# Wrote an exam today and realized I missed an entire page



## peachteax3 (May 6, 2011)

After finishing the exam, I overheard my classmates talking about a section on the exam that I don't recall. I come to realization that I missed an entire page of the exam worth 15 marks. I feel so screwed. I emailed the prof explaining her my situation, apologized and asked if there is anything I can do to make up for it.

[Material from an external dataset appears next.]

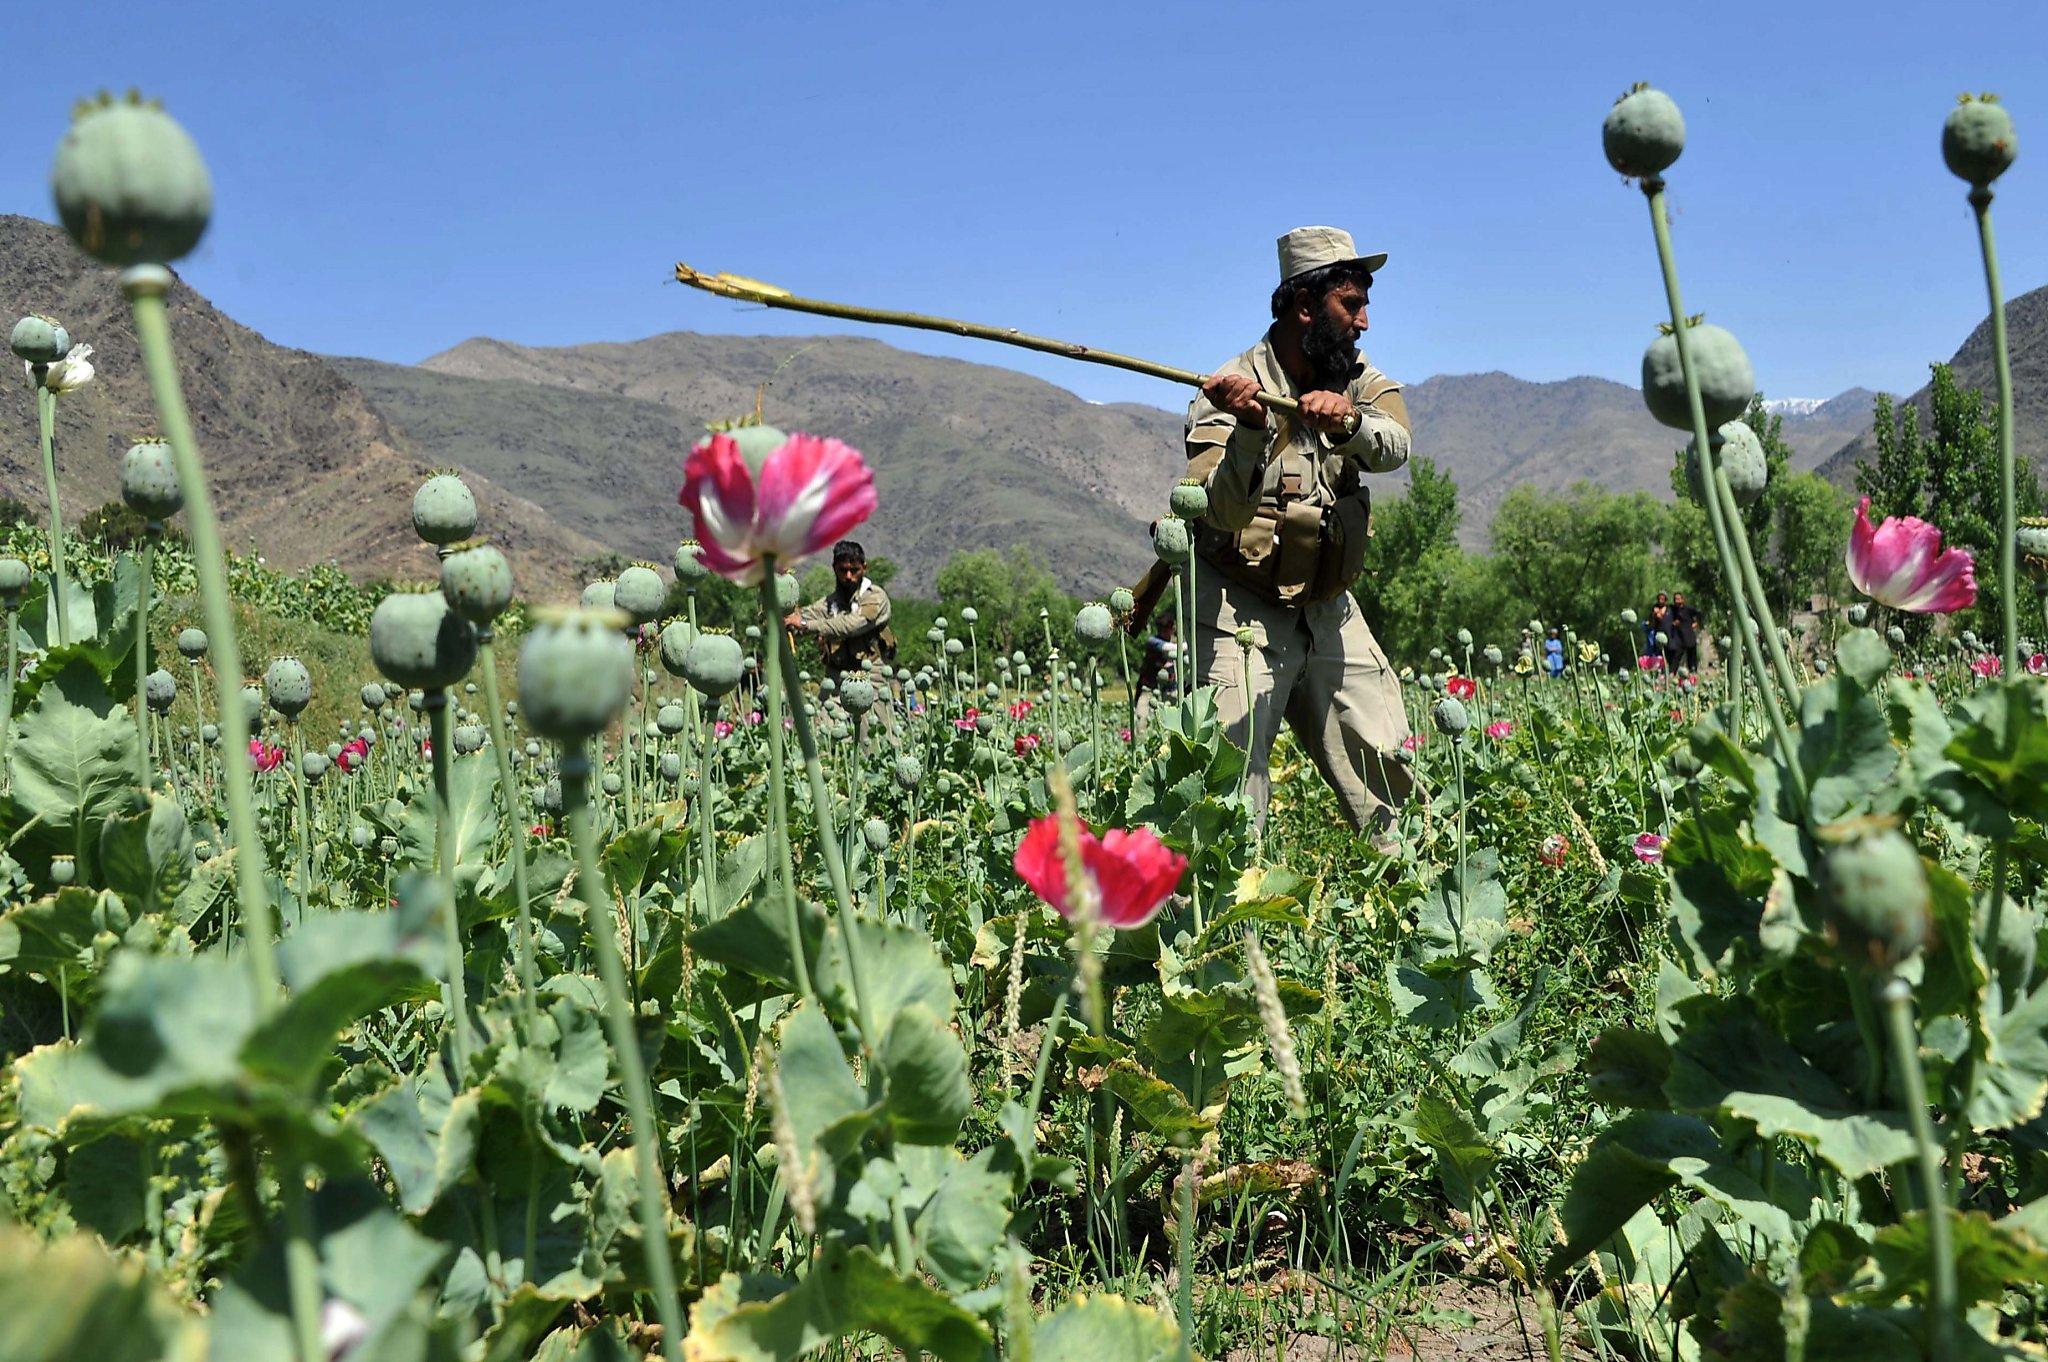 ابراهيم ازهر : بهرنیانو هم په ټول توان سره ونه کړای شول چې افغانستان له کوکناروڅخه پاک کړي . www.talibnews.com

I'm so worried. This exam was worth 22% of my mark. If she asks me to come by her office, I'm going to get a panic attack. I have no idea what to do. Has this ever happened to you guys before?
I always double check if I answered all the questions and I swear that I didn't even see that page. T_T


----------



## sansd (Mar 22, 2006)

Yes, I did that this past spring (as well as once in elementary school on a standardized test). It took around 20% off my score. I don't remember the exact percentage of the grade it was, but unfortunately it was my only test score besides the final in that class.


----------



## clt851988 (Jun 9, 2011)

Hey, if she asks you to come by her office that is probably a good thing because she is probably willing to negotiate the mark somehow. Good luck!


----------



## lonelyjew (Jan 20, 2010)

I did something like that, and it cost me my then perfect GPA. It wasn't the end of the world though.


----------



## nkprasad12 (Aug 27, 2011)

I did that once and now I always check like 5 times if I answered everything. 
If you know the professor somewhat well and he/she knows you to be honest I think he/she would arrange something. Otherwise it just seems like an excuse for cheating from their standpoint.


----------



## blue the puppy (Jul 23, 2011)

honestly, im a teacher and if i had a student that did that i would let them know so they could come in and finish the test. at least give partial credit. its a mistake, and any fair teacher should recognize that.


----------



## roses6 (Sep 6, 2011)

Did you hear back?


----------



## JackNoah (Oct 30, 2011)

Teachers hate seeing students waste marks over "silly" things, so if she sees you're an intelligent pupil and you answered well, she'll probably do all she can to help you out. Honestly situations like this horrify me, I have to check every time I'm turning the page that I'm not accidentally skipping any, or that they aren't stuck together. Good luck!


----------



## dave76 (Jan 4, 2010)

I'm sure you've done fine. A similar thing happened to me, if there's one positive to come out of it, it's that it will never happen to you again because you will always remember to check


----------



## Dark Alchemist (Jul 10, 2011)

Yikes. Good luck!


----------



## kos (May 19, 2009)

Even if you missed a page, so what? You get a lower grade. I assume you're not trying to get into med school. It's not going to ruin your life.


----------



## JAkDy (Jan 23, 2011)

I hope it doesn't end too badly for you. Good luck


----------



## peachteax3 (May 6, 2011)

Sorry for not updating. The prof msged me back saying that she can do nothing about it. Or else it wouldn't be fair to other students. sigh~~lesson learned. So as soon as you get your exam, CHECK THROUGH ALL PAGES!!!


----------



## millenniumman75 (Feb 4, 2005)

Unfortunately, that is what I thought would happen.


----------



## Rixy (Oct 4, 2009)

That really sucks. I guess the only thing you can do is learn from your mistake. Only if you made it once


----------



## Lone Raccoon (Jun 5, 2011)

I went In the wrong day for a final, I was like " where's everybody"lol


----------



## sansd (Mar 22, 2006)

ghostintheshell said:


> I went In the wrong day for a final, I was like " where's everybody"lol


I've realized my final was several hours earlier than I thought it was about 15 minutes before the real exam time (I was just about to start studying for it and decided to make sure I had the time right!). Fortunately I've never missed a final exam completely. I have, however, slept through and forgotten about midterms.


----------